Felicia arrived. It was hard not to notice her in the short skirt and with all the cleavage. Practically every male head in the diner turned to watch her pass. A few women too. When she sat across from Joe, he smiled. He gave great smile. Ask anybody.

He gave Felicia that look, then went, “You need anything?” and took out his wallet, showing her the corner of a twenty sticking out. Figuring he’d whet her appetite right off the bat.

“Why you so good to me, Detective Miscali?” Felicia said. “I ain’t used to kindness.”

He knew she was full of shit, went, “You’re full of shit.” And yeah, here was his handkerchief, all sympathy and bull, and he said, “Felicia, I’m your friend, I’m gonna get those minor charges wiped but you gotta give me something on Fisher, you know, keep my bosses happy. And call me Joe, okay?”

She nodded, wiping daintily at her eyes, and said, hesitantly, “Maybe I do got something for you…Joe.”

He was all focus now, cop antennae on full alert. Asked, “What is it?”

“Hold up,” she said. “What am I gonna get?”

“You get not to go to jail.”

“I mean what am I gonna get’s green and white, has presidents on ’em.”

“Look, Felicia,” Joe said. “Just because I haven’t played hardball with you yet, doesn’t mean I’m not capable. Yeah, I’m a good guy, but I have a hardass side to me, too, and, trust me, you don’t want to meet it.”

Joe was trying to intimidate. He knew it wasn’t working-hell, she knew he knew it wasn’t working-but he kept the glare going anyway.

She nodded, said, “I’m just playin’ with you. You know how bad I wanna help you, right? But I just hope there’s more twenties like that in yo’ wallet, know what I’m sayin’?”

“How many twenties we talking about?” Joe said, smiling.

“Fifty,” Felicia said.

The smile went. Joe said. “Look, if you think I’m giving you a thousand bucks you’re out of your fucking mind.”

“Five hundred,” Felicia said.

“Two hundred,” Joe said.

“Deal,” Felicia said.

Joe, feeling like he’d been taken, went, “Do you have anything for me or not?”

“Yeah, I got somethin’ good for you,” Felicia said. “You gonna be thankin’ me for this shit. He’s in with some Colombians.”

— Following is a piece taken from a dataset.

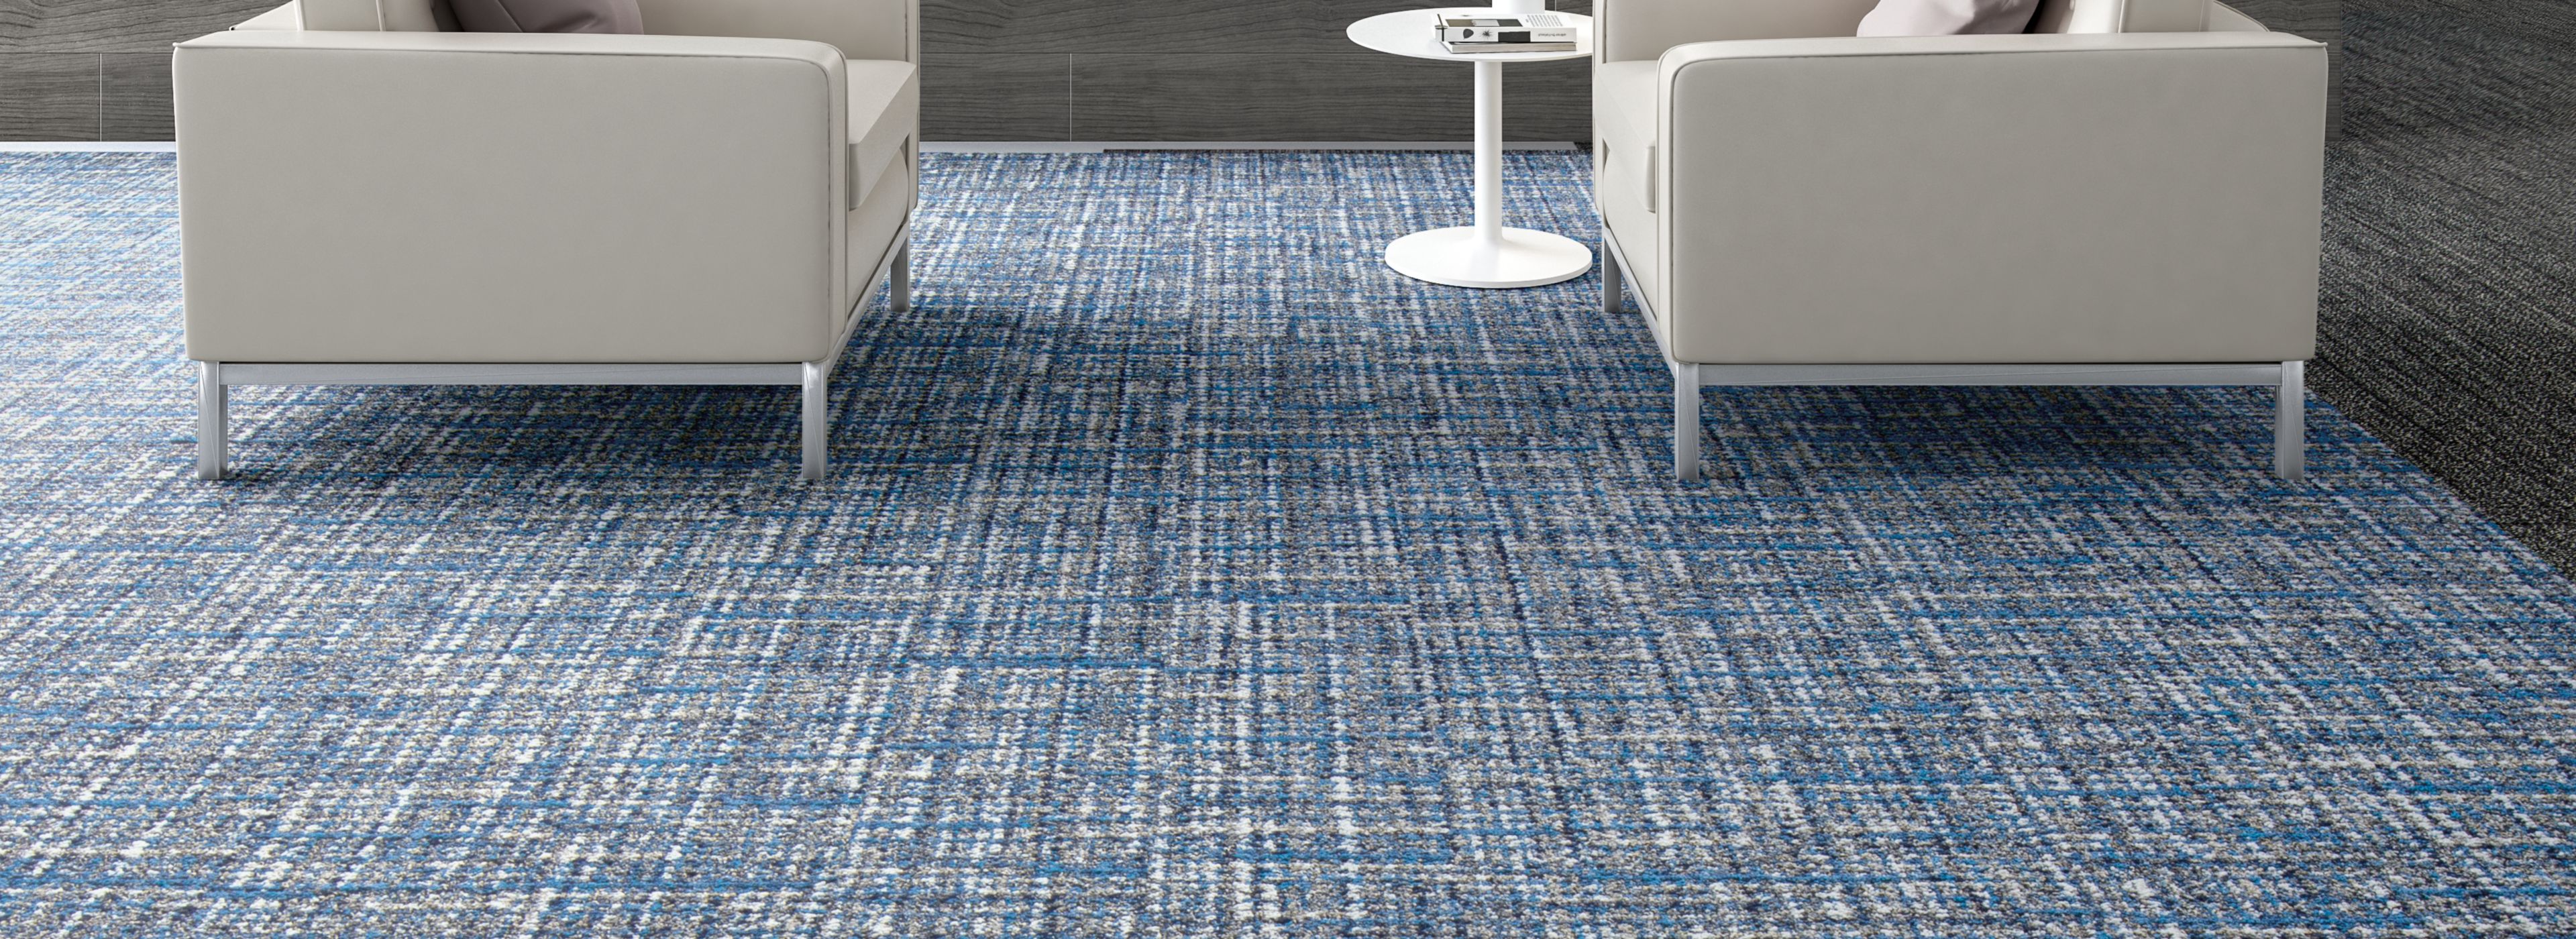 Interface WW895 plank carpet tile in lobby area with couches and side table  afbeeldingnummer 1

Joe waited a second then said, “You mean Colombian Colombians. From Colombia.”

“Ain’t talkin’ about no District of Columbians,” Felicia said. “He’s movin’ up-way up. Motherfuckers are from some drug cartel or some shit. They having a big meeting in Staten Island tomorrow night. You show up there, you can get ’em all.”

Felicia gave Joe all the info about the meeting and Joe didn’t think she was bullshitting. When you worked with snitches you had to have a good bullshit detector, and Joe had one of the best in the business. He wrote everything in his pad, meticulous to get every detail down. After a few minutes or so of this, he looked up at Felicia and said, “Can I ask where you got this?”

“How you know Max didn’t tell me?”

Joe gave her a look, like, Was I born yesterday?

Felicia recognized the look, went, “From Kyle, some white boy from Alabama. The boy’s hung, know what I’m saying?”

Joe smiled at his snitch, proud of how well everything had worked out.

“Nice work,” he said. Then he grabbed a menu and went, “Now how about we get some food on the table, you hungry girl you.”